Rather than “Let’s borrow that and use it here,” it’s like, “I want to be conscious of the aims and feelings of those who made it back then.” 2202 is a remake of Farewell and Yamato 2, but a lot of new elements appear since Mr. Fukui is creating the theme of the work, but for me it’s better not to forget something from the “original landscape,” so I read them on occasion. Anyway, the writers at that time were good with stage directions. It was a brilliant way of speaking with a feeling of rhythm, wasn’t it? Japan itself has changed in 40 years, hasn’t it? There’s nobody who can write that way now.

Habara: That’s certainly true.

Interviewer: When you write the scripts this time, are there places where you reread them and notice something to change?

Oka: For me, Farewell to Yamato is the best of the Yamato movies. I think of it as “something that is purely shaped.” The first thirty minutes in particular, up to Yamato’s launch, are flawless with nothing wasted. From that I feel the sharpness of Toshio Masuda from those days. Come to think of it, I saw a lot of Toshio Masuda movies between work…

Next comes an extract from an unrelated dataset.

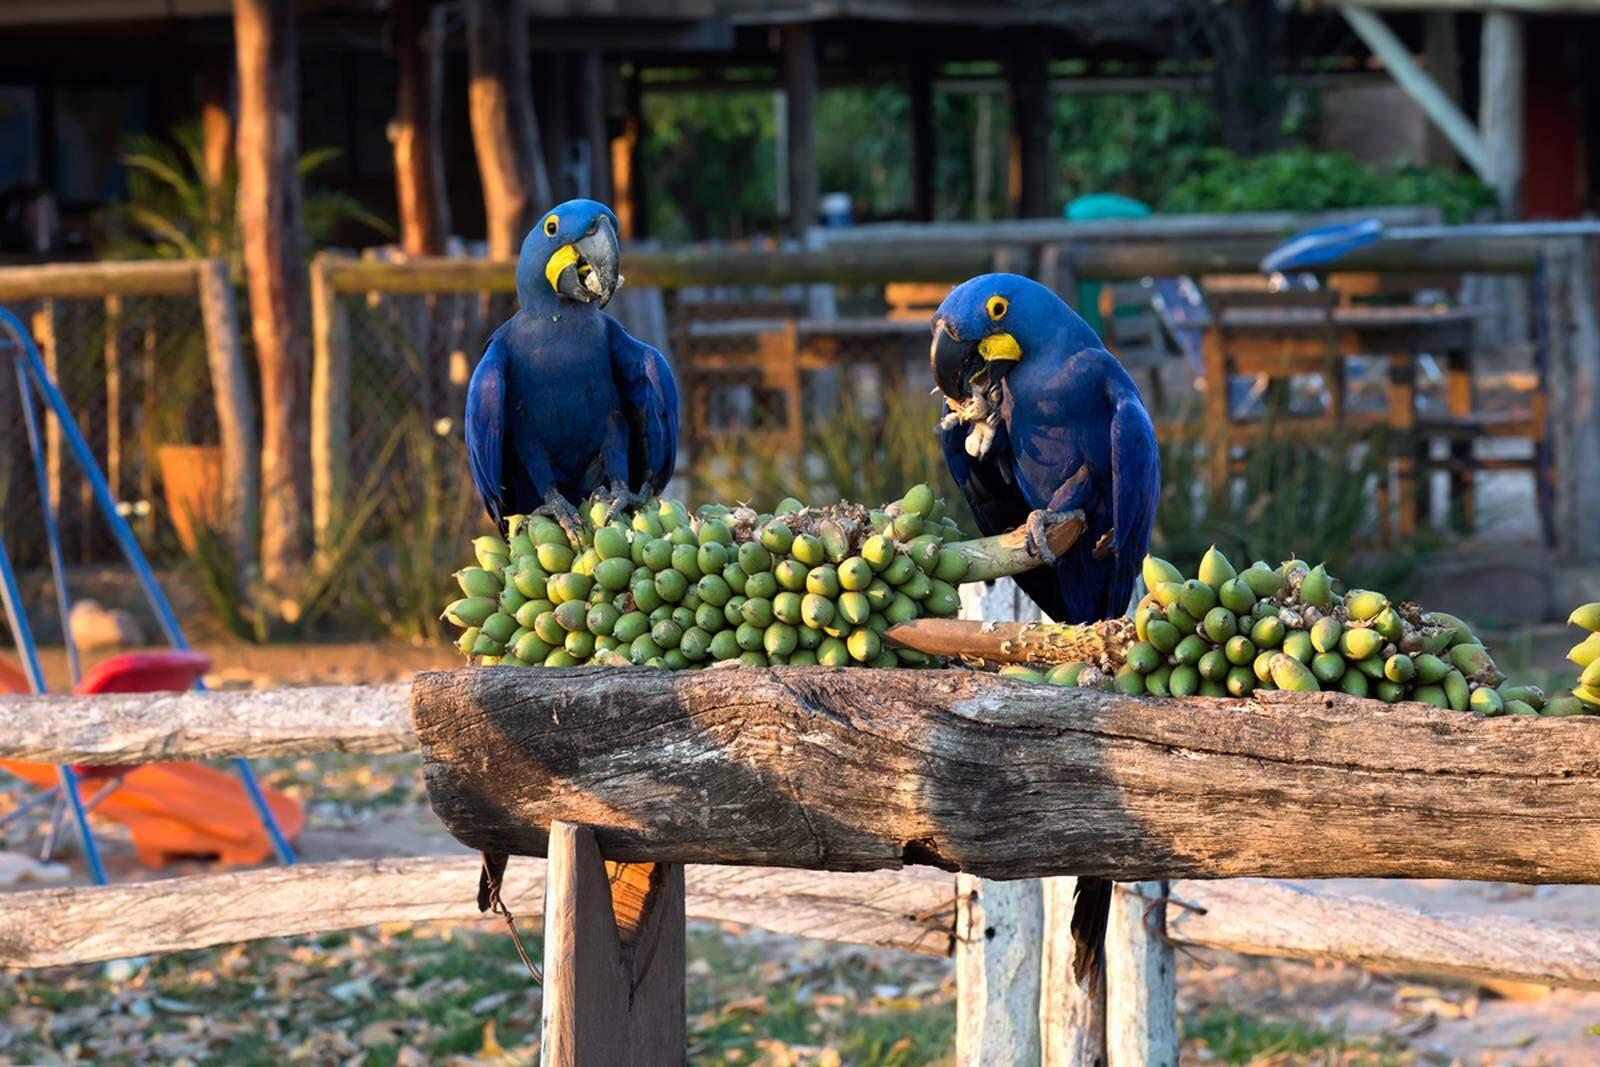 Casal de arara-azul, espécie de ave da família dos papagaios e periquitos, se alimentando em fazenda do Pantanal (Foto: Visit Pantanal/Divulgação)

Habara: Which ones? Tora Tora Tora?

Oka: Yes, Tora Tora Tora and The Zero Fighter. The climax of that became the basis for Farewell to Yamato. In the end, the Yamato movies have the dark color of Masuda. I reconfirmed it.

Interviewer: In terms of the scripts, are there some parts where you think “I did it well here” and others where “I had a hard time, but please take a look”?

Oka: Episode 10 in Chapter 3.

Habara: The space fireflies episode?

Oka: That’s right. Based on an episode of Yamato 2. I was surprised when Mr. Fukui said, “I’m doing the fireflies.” The mood between the Space Cavalry and Yamato’s crew becomes touch-and-go in the second half. There were big changes in the storyboard stage.

Habara: Yes. Kodai and Hajime Saito of the Space Cavalry.

Oka: That was great. I thought, “That fine, that’s the right interpretation!”

Habara: Whether it’s good and whatever happens there (laughs), I hope you’ll see for yourself in a theater.

Oka: Mr. Fukui wrote “This is a part we can’t avoid here” in the composition memo, and I wrote a lively response to it. I was surprised that it was being directed into a completely different interpretation. Things came up that I couldn’t imagine. I really like that scene.

Habara: By the way, the script for Episode 10 comes with the special-edition Blu-ray. Mr. Fukui made that choice.

Oka: Ah! Is that so? (Laughs) I didn’t expect Episode 10.

Habara: I thought it would be Episode 9, but he chose Episode 10. (Laughs)

Oka: Episode 10 has that “Yamato scent,” doesn’t it?

Habara: That’s right, it has a Yamato 2 feeling.

Interviewer: So we can confirm how it was changed. Thank you very much for your time today.